_Activity_:
Every entry should come back exactly as written, minus the pictures.

(Stored items)
== Segment start ==
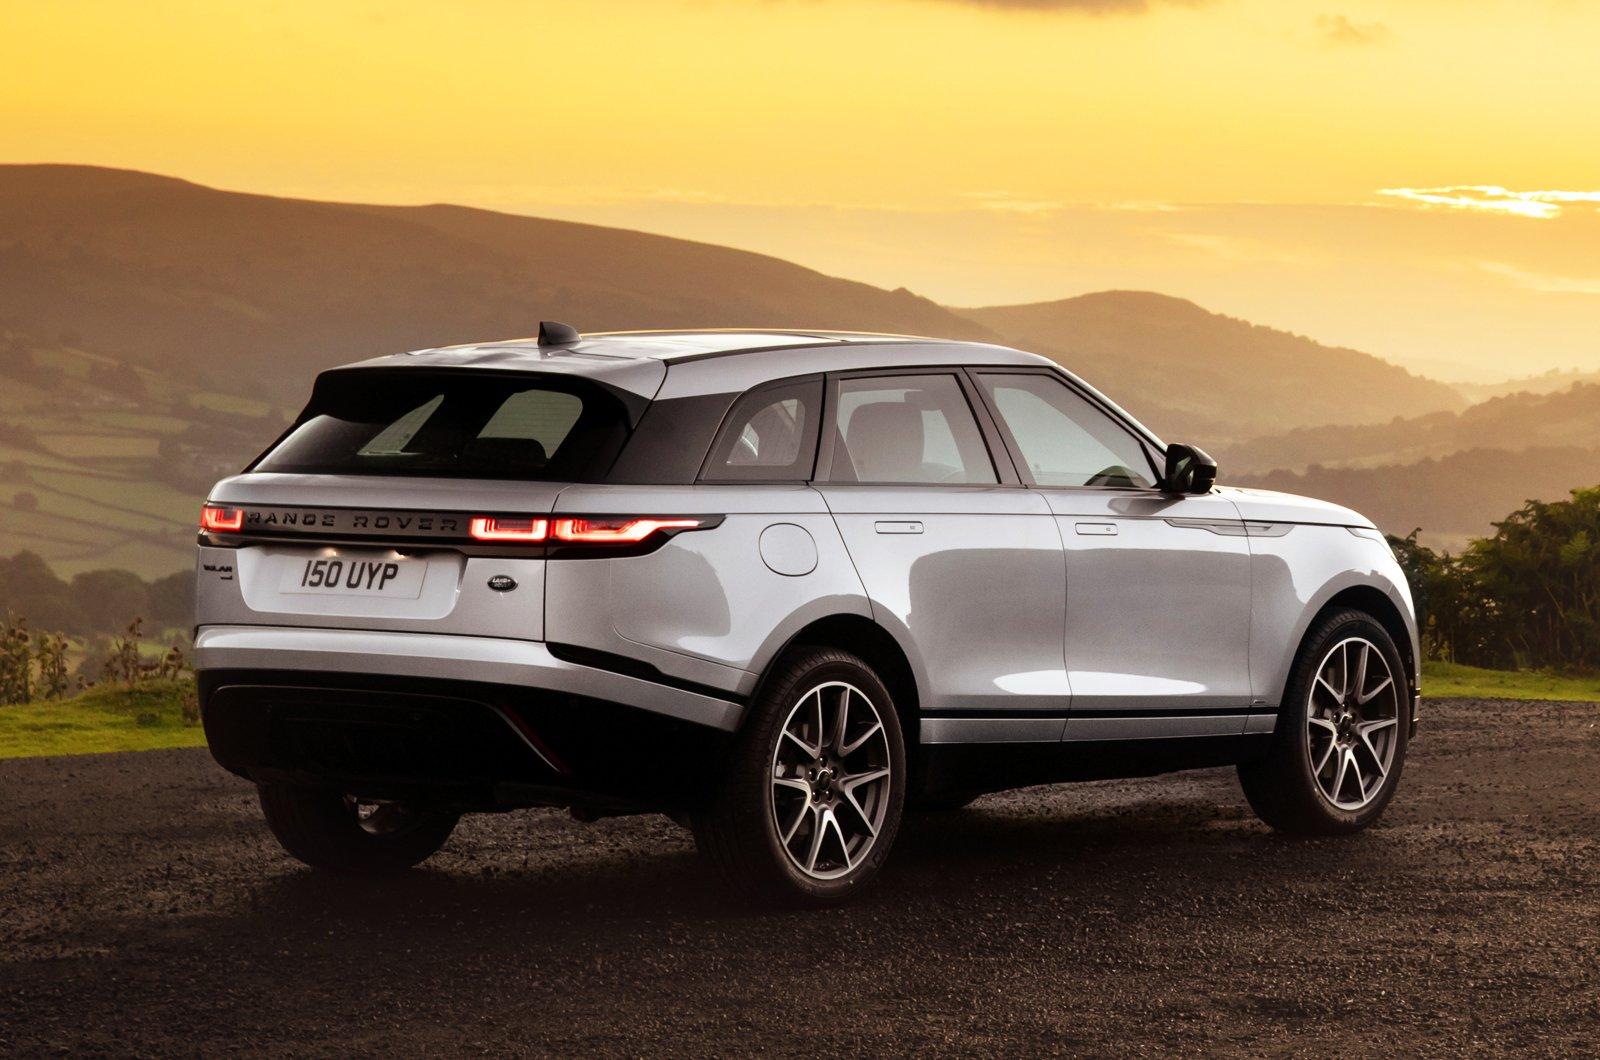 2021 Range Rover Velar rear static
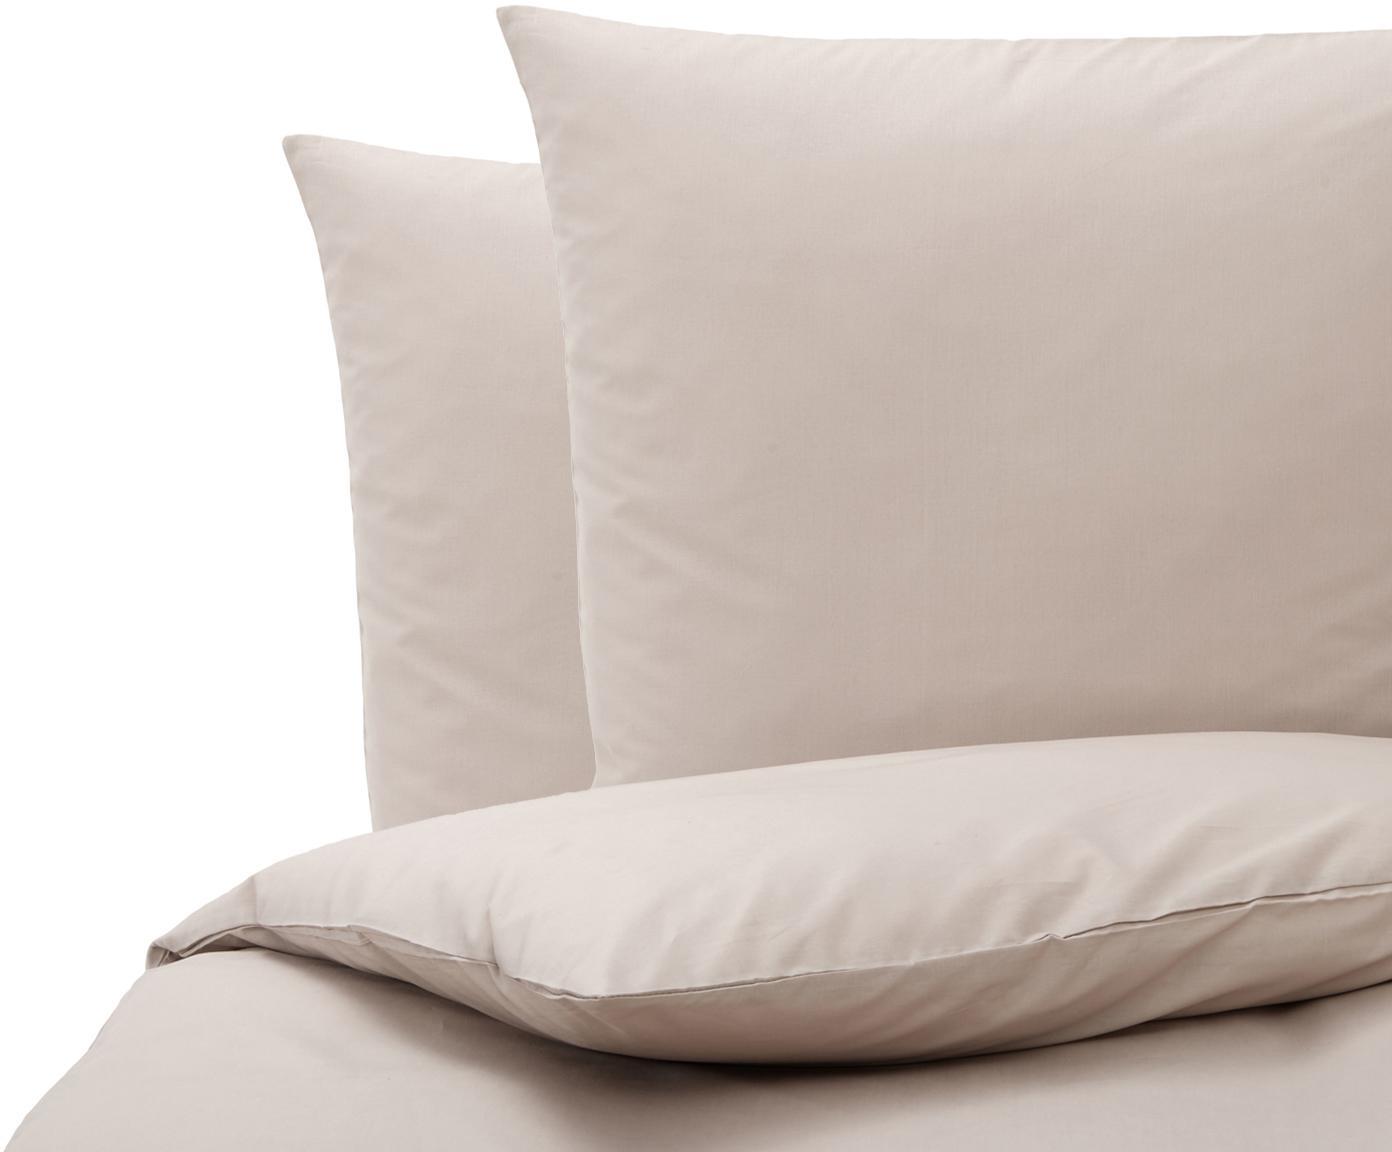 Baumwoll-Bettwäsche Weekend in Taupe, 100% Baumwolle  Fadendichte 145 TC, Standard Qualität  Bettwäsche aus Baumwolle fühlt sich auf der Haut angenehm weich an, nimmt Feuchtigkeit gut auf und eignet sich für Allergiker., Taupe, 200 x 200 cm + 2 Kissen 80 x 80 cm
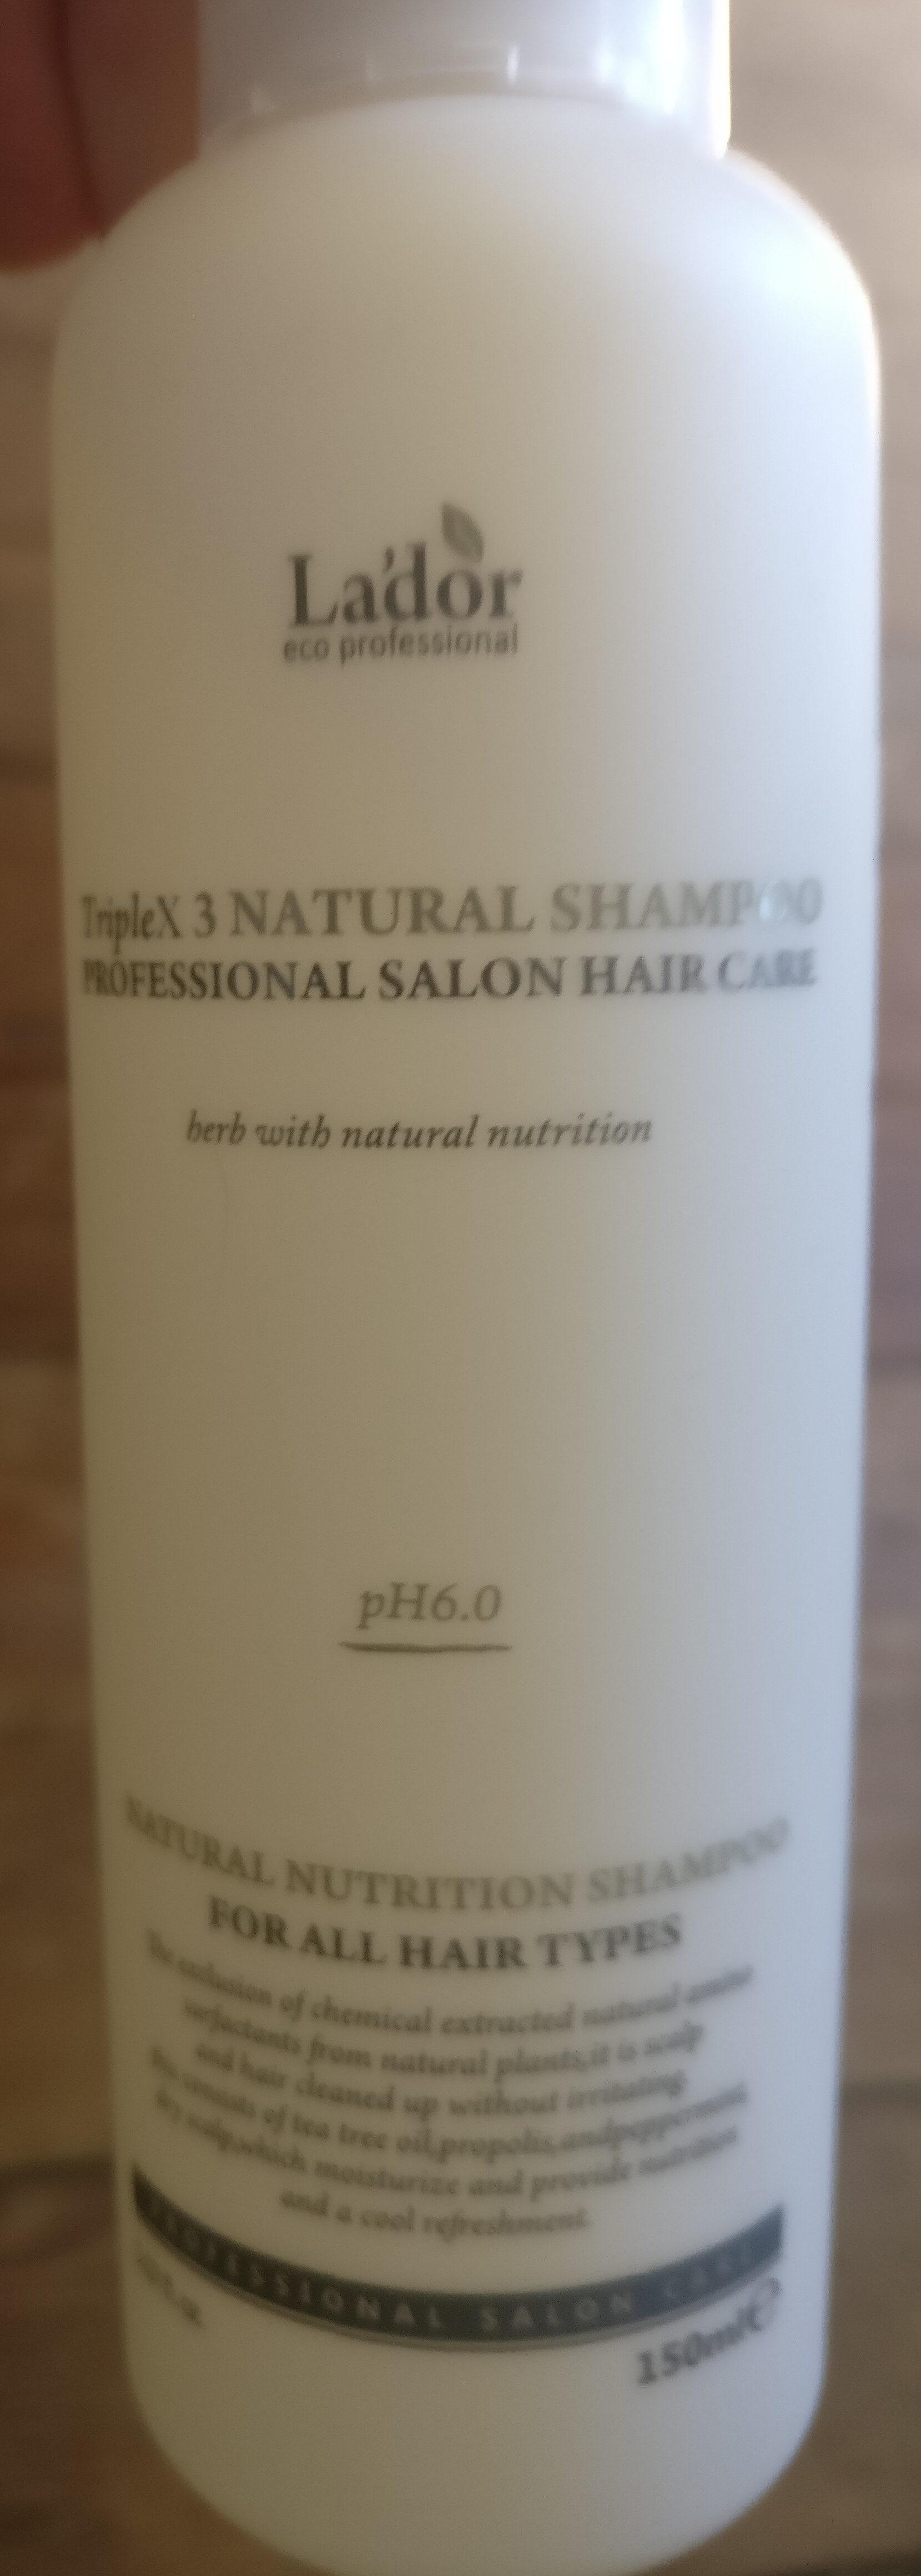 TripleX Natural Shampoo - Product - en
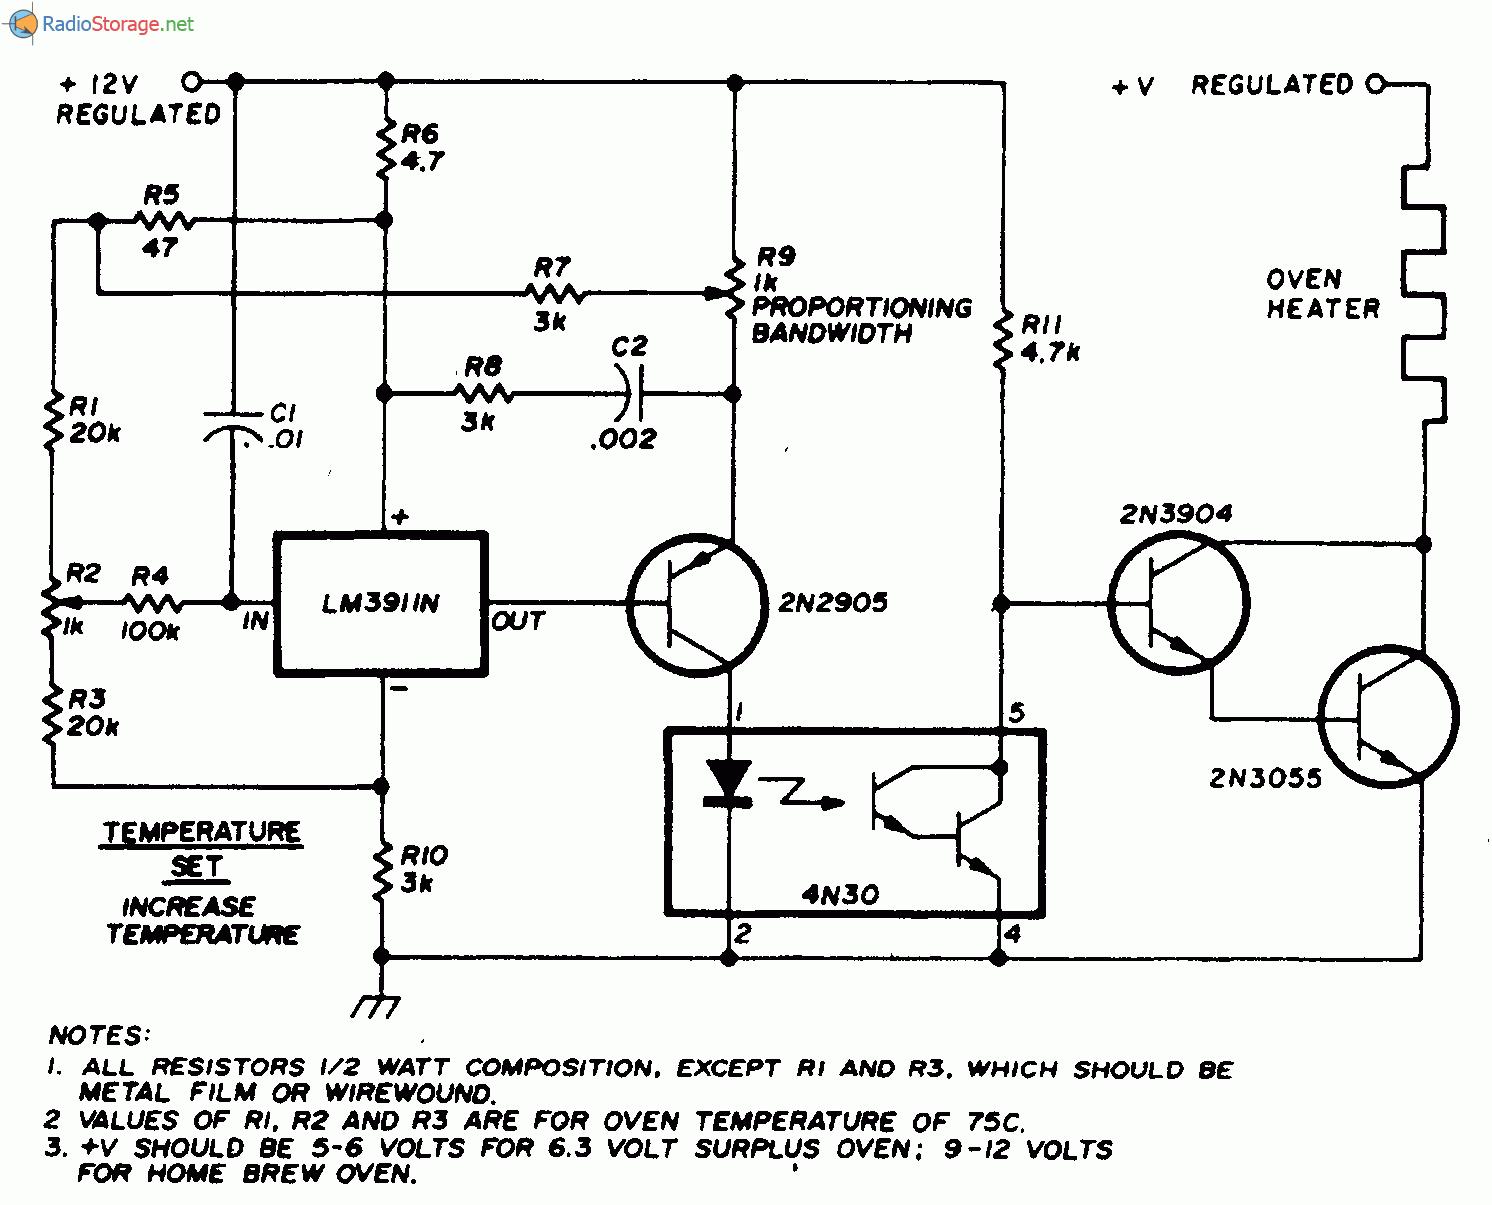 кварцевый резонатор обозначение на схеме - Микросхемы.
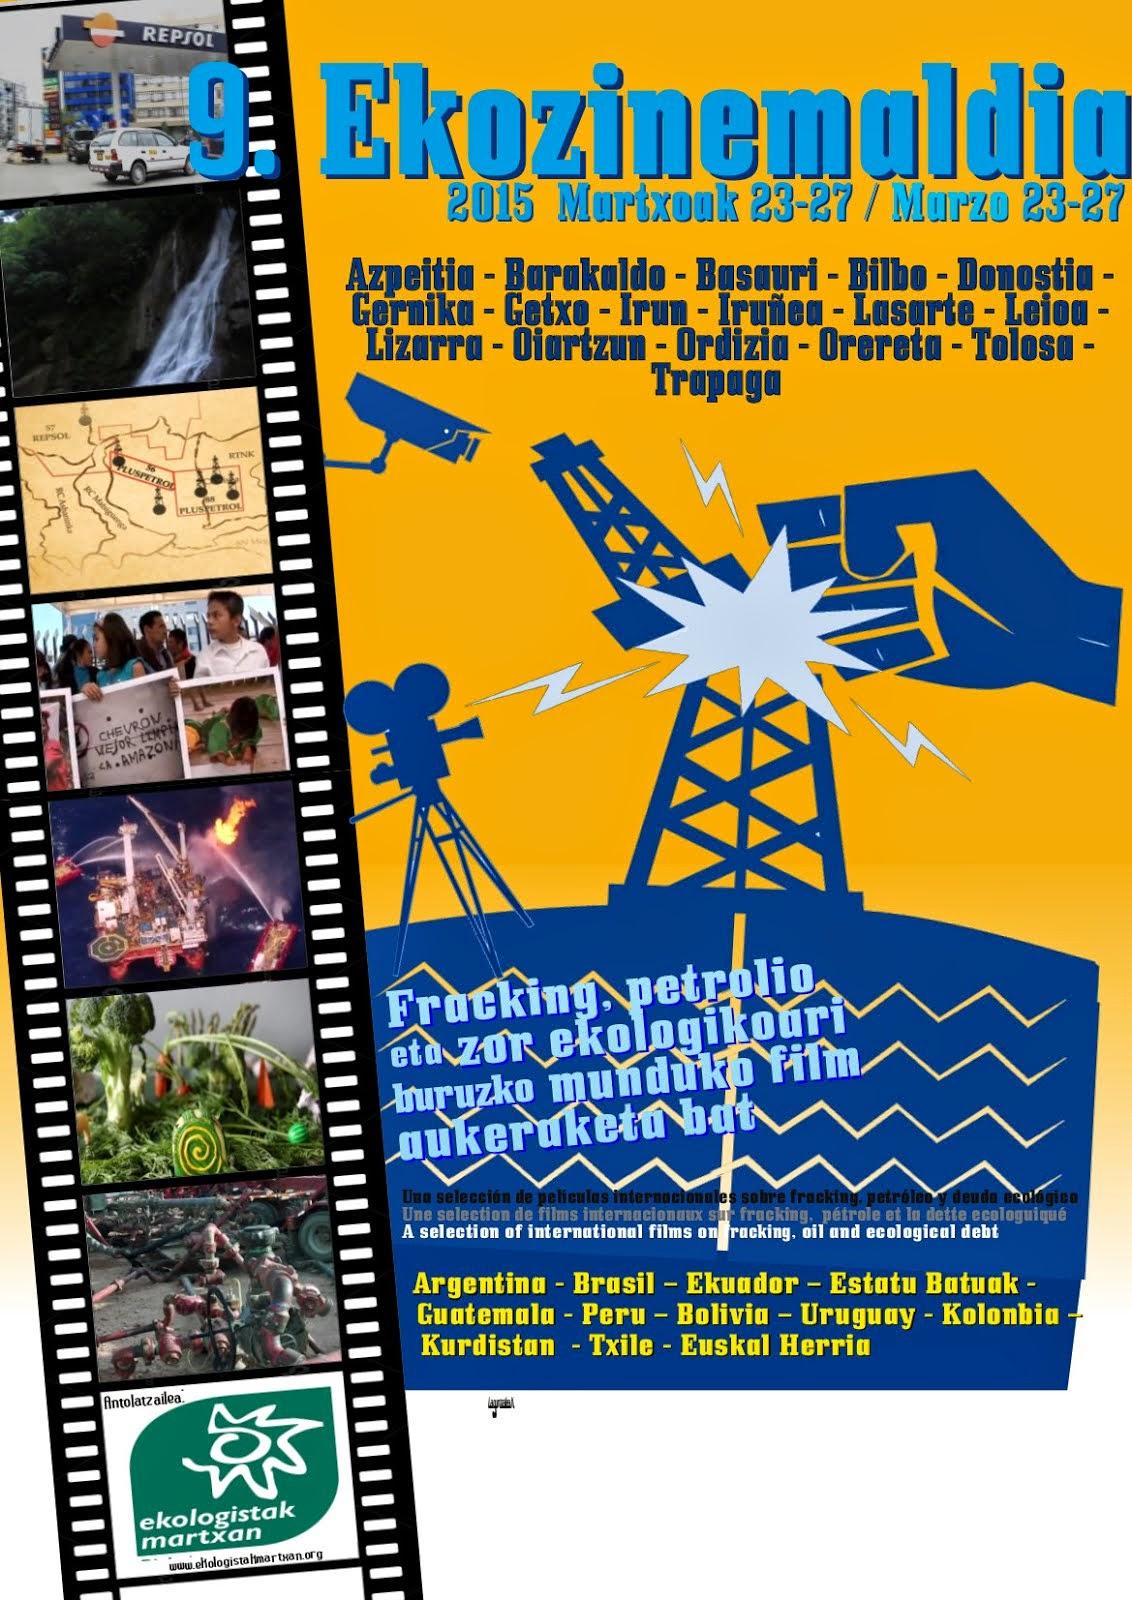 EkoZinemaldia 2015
== Segment end ==
_Finished task_:
 2021 Range Rover Velar rear static
 Baumwoll-Bettwäsche Weekend in Taupe, 100% Baumwolle  Fadendichte 145 TC, Standard Qualität  Bettwäsche aus Baumwolle fühlt sich auf der Haut angenehm weich an, nimmt Feuchtigkeit gut auf und eignet sich für Allergiker., Taupe, 200 x 200 cm + 2 Kissen 80 x 80 cm
 TripleX Natural Shampoo - Product - en
 кварцевый резонатор обозначение на схеме - Микросхемы.
 EkoZinemaldia 2015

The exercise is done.